With clouds overhead and a couple of awkward deliveries from James Anderson and Stuart Broad at the start of their spells, it looked a decent toss to lose.
But the trail went cold quickly.
The seamers allowed too many balls to pass through without a shot offered and after an hour's play South Africa had moved along to 40 without loss.
By then there had also been a first over of spin from Moeen and a testing start from Finn, who found a better line.
But it was England's golden boy Ben Stokes who drew first blood, removing Van Zyl for 21 with his third delivery.
This was pure batsman error though, Van Zyl shaping to pull from a poor position, changing his mind and chipping a top edge tamely into Jonny Bairstow's gloves.
Elgar and Amla added 29 before the break, but Finn beat the latter with a cracker from the final ball of the session.
And Finn deserves to share top billing with England's feted new ball pairing, according to bowling coach Ottis Gibson at stumps.
For several years England's attack has been built around the established duo of James Anderson and Stuart Broad, who have shared the load during some of the country's finest recent triumphs on their way to a combined 750 Test scalps.
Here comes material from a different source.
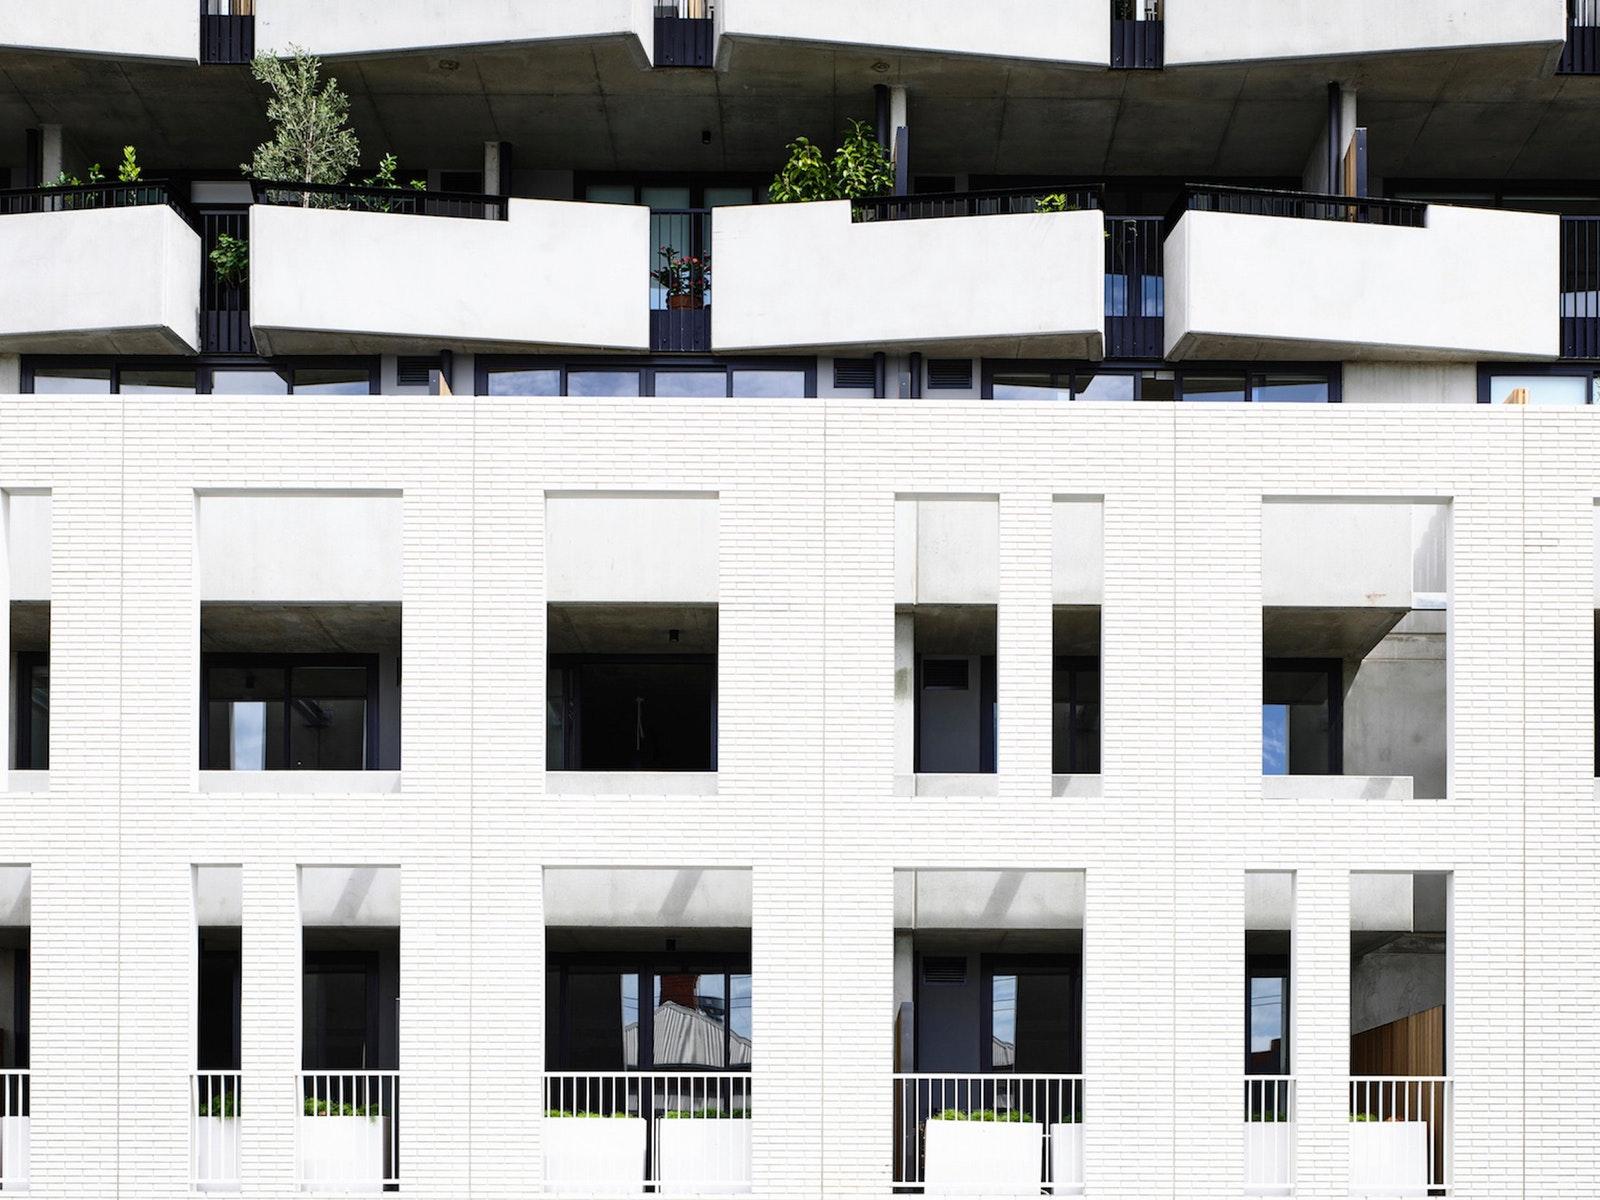 High density happiness: Build-to-rent communities

But Finn comfortably outshone both senior men and figures of two for 50 scarcely did the 6ft 7in seamer justice as the Proteas made 267 for seven.
But Gibson knows just what an asset the 26-year-old is.
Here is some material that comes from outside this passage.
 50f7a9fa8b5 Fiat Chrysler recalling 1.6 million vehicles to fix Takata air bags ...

"I'm very impressed with Finn, since he came back in the team in the Ashes he has certainly proven himself to be an outstanding fast bowler," he said of the series' top wicket-taker.
"Often a lot is said about Broad and Anderson, and they're quality bowlers with 700-odd wickets between them, but when Finn has the ball in his hand he looks a quality bowler as well.
"He's someone you can see playing a huge part for England in the coming years."
Finn shared the second new ball with Anderson in the evening session, though Broad's demotion may have owed as much to him feeling off-colour as anything else.
Gibson was satisfied with the position at stumps, despite a late unbroken stand of 42 between Chris Morris and Kagiso Rabada.
"Sometimes when the ball is doing a bit you think you should bowl the opposition out but you've got to remember they're in home conditions and they're good players," he said.
"To have them seven down on the first day of a Test match away from home is quite pleasing."